MATERIAL FOR THE TASK:
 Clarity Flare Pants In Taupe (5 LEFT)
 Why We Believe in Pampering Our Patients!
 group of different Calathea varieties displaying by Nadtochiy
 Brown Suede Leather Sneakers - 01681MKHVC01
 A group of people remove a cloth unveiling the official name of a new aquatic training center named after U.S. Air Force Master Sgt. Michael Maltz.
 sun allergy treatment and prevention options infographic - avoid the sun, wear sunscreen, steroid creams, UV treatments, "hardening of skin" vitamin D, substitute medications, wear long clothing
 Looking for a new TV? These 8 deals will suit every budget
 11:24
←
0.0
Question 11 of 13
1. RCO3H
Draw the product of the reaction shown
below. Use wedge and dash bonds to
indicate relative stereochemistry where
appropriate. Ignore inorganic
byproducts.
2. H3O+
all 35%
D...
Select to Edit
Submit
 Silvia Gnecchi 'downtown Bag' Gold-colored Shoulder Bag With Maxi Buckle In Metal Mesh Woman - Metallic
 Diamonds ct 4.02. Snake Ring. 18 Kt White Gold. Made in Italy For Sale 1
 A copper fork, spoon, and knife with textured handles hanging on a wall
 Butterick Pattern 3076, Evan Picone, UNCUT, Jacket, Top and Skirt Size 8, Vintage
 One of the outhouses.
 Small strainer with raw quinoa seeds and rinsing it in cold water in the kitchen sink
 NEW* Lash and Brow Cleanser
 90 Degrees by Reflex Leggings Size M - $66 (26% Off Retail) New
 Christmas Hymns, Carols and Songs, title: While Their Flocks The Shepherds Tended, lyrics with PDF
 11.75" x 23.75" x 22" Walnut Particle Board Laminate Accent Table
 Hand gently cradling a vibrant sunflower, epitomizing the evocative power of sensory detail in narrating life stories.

DIRECTIONS:
Your answer must be the lines from the one containing "One of the outhouses." to the last line of the entries, repeated exactly and with nothing else.

RESULT:
 One of the outhouses.
 Small strainer with raw quinoa seeds and rinsing it in cold water in the kitchen sink
 NEW* Lash and Brow Cleanser
 90 Degrees by Reflex Leggings Size M - $66 (26% Off Retail) New
 Christmas Hymns, Carols and Songs, title: While Their Flocks The Shepherds Tended, lyrics with PDF
 11.75" x 23.75" x 22" Walnut Particle Board Laminate Accent Table
 Hand gently cradling a vibrant sunflower, epitomizing the evocative power of sensory detail in narrating life stories.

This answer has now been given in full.